The Diabetes Code is Jason Fung's argument that type 2 diabetes is a dietary disease, not a genetic destiny, and that it is therefore reversible through the right interventions. Fung, a nephrologist who treats kidney failure caused largely by diabetic complications, became frustrated watching patients progress along what medicine treated as an inevitable decline. His book is an attempt to explain why the standard treatment of medicating blood sugar without addressing its underlying cause is inadequate — and often counterproductive.

The core argument is about insulin. Fung contends that type 2 diabetes is fundamentally a disease of excess insulin and insulin resistance, not merely elevated blood glucose. When cells are chronically overloaded with glucose and insulin, they protect themselves by becoming resistant. The body responds by producing more insulin, which worsens resistance, driving a cycle that eventually overwhelms the pancreas. Most conventional treatments lower blood glucose directly while leaving the underlying insulin excess untouched — or even make it worse by adding exogenous insulin.

The solution Fung proposes is two-pronged: significantly reduce dietary carbohydrates, particularly refined ones, and use intermittent or extended fasting to allow insulin levels to drop. He draws on the physiology of fasting to explain why it can achieve what drug treatment cannot — giving cells a period of genuine rest from insulin stimulation long enough to restore sensitivity. He also addresses the dietary advice that has dominated medicine for decades, arguing that the low-fat, high-carbohydrate guidelines promoted since the 1970s have driven the diabetes epidemic.
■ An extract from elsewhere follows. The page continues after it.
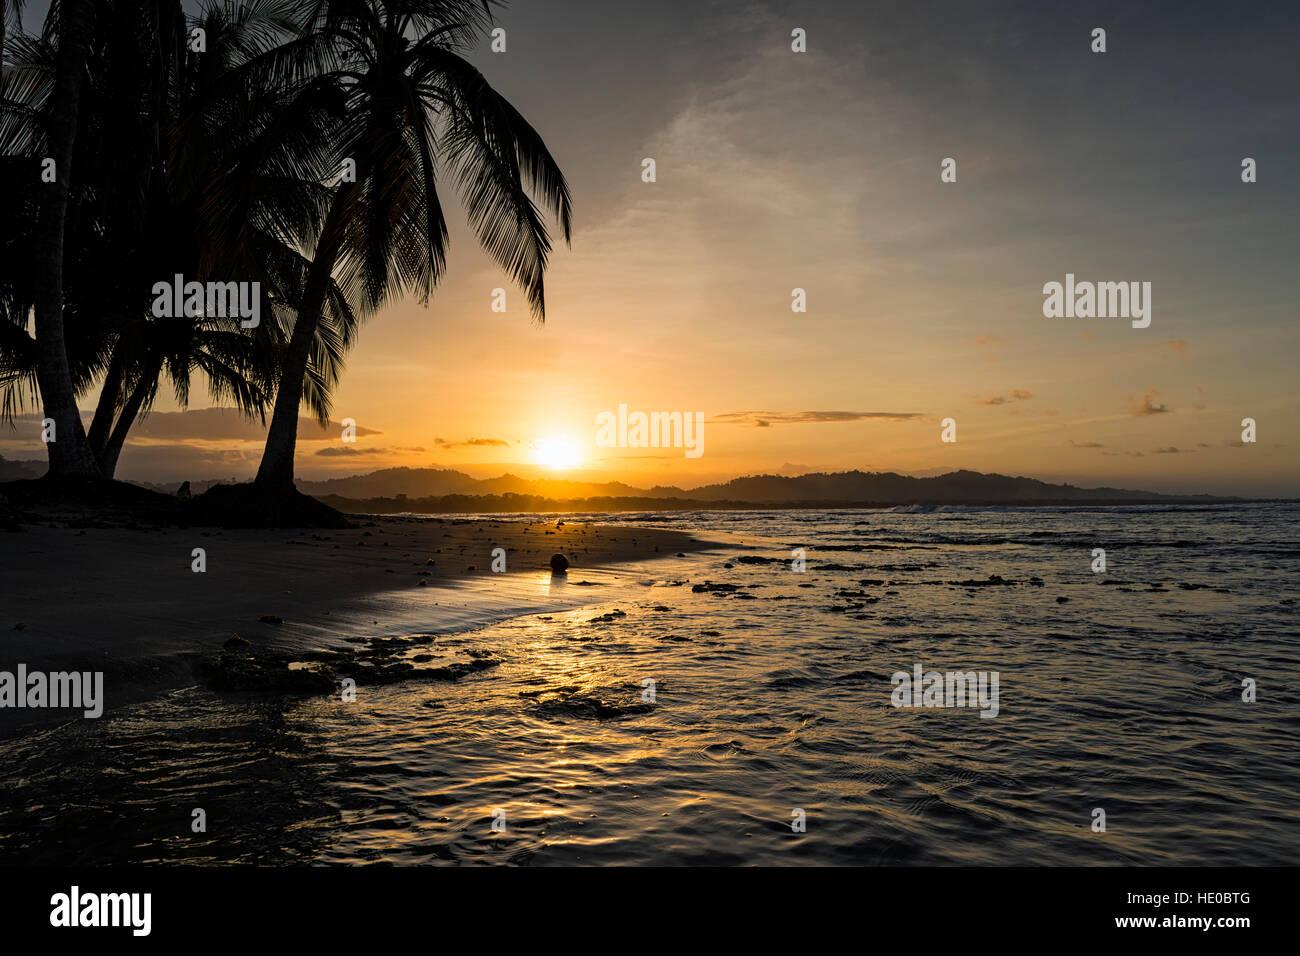 Blick auf einen Strand mit Palmen bei Sonnenuntergang in Puerto Viejo de Talamanca, Costa Rica, Zentralamerika; Stockbild
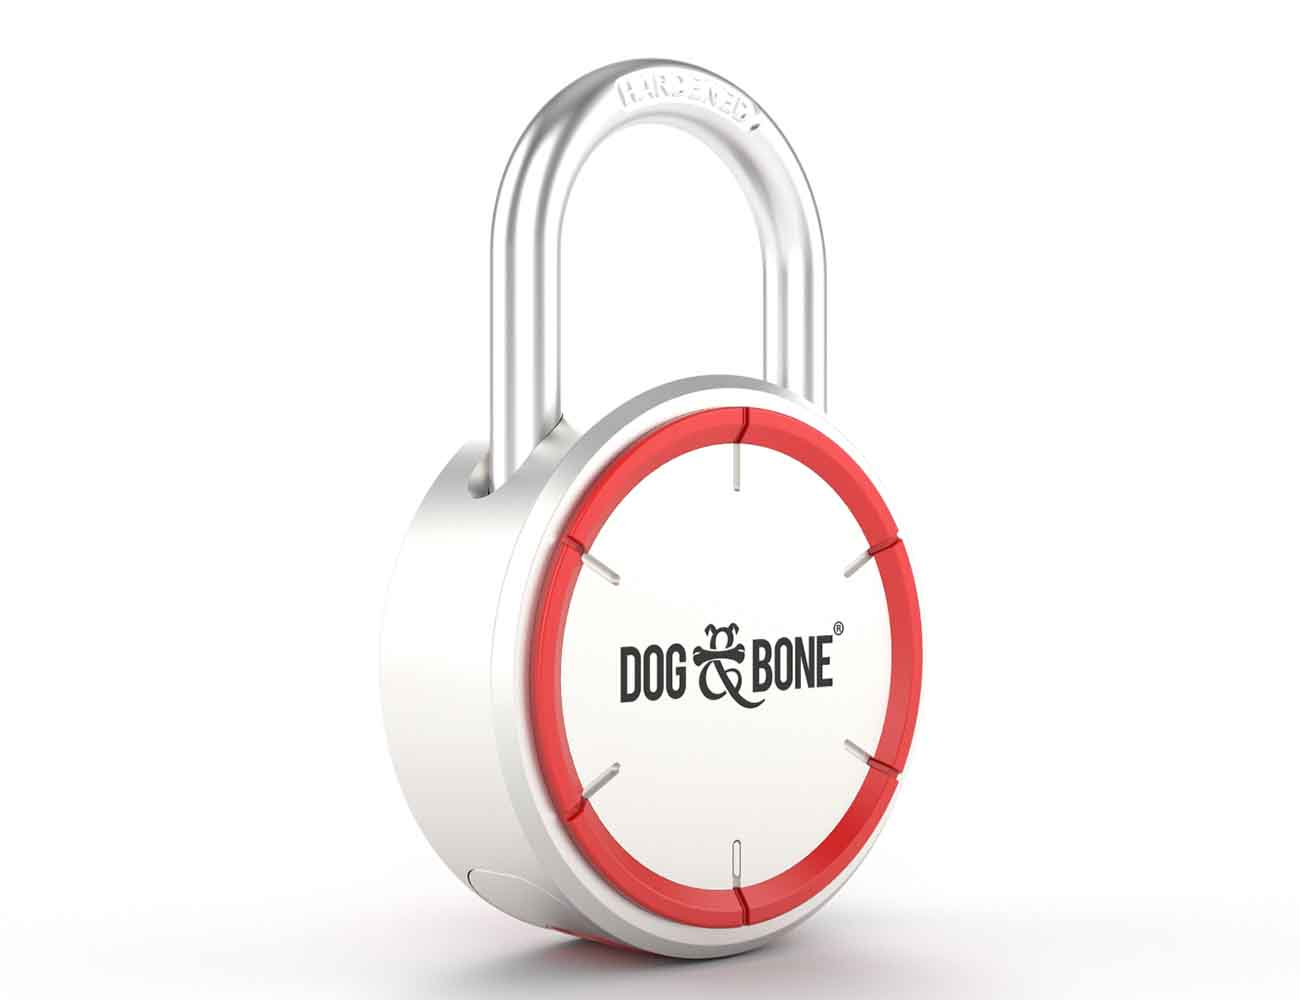 LockSmart Bluetooth Padlock by Dog & Bone

The book is genuinely useful as an explanation of metabolic disease, and Fung writes clearly without oversimplifying the physiology. The clinical anecdotes are often striking. The weakness is a tendency toward polemical framing that can make nuanced questions feel more settled than they are. Readers who are pre-diabetic, diabetic, or have metabolic syndrome will find the framework actionable. Anyone making changes to diabetes medication should work with a clinician — some of Fung's protocols require supervised monitoring.

The big ideas

  1. 1.

    Type 2 diabetes is driven by chronically high insulin and insulin resistance, not by blood glucose elevation alone. Treating only the symptom leaves the cause untouched.

  2. 2.

    Dietary carbohydrates, especially refined carbohydrates and sugar, are the primary driver of insulin demand. Reducing them directly lowers the disease burden.

  3. 3.

    Fasting — intermittent or extended — lowers insulin levels more effectively than caloric restriction because it removes all food stimulus rather than spreading smaller meals across the day.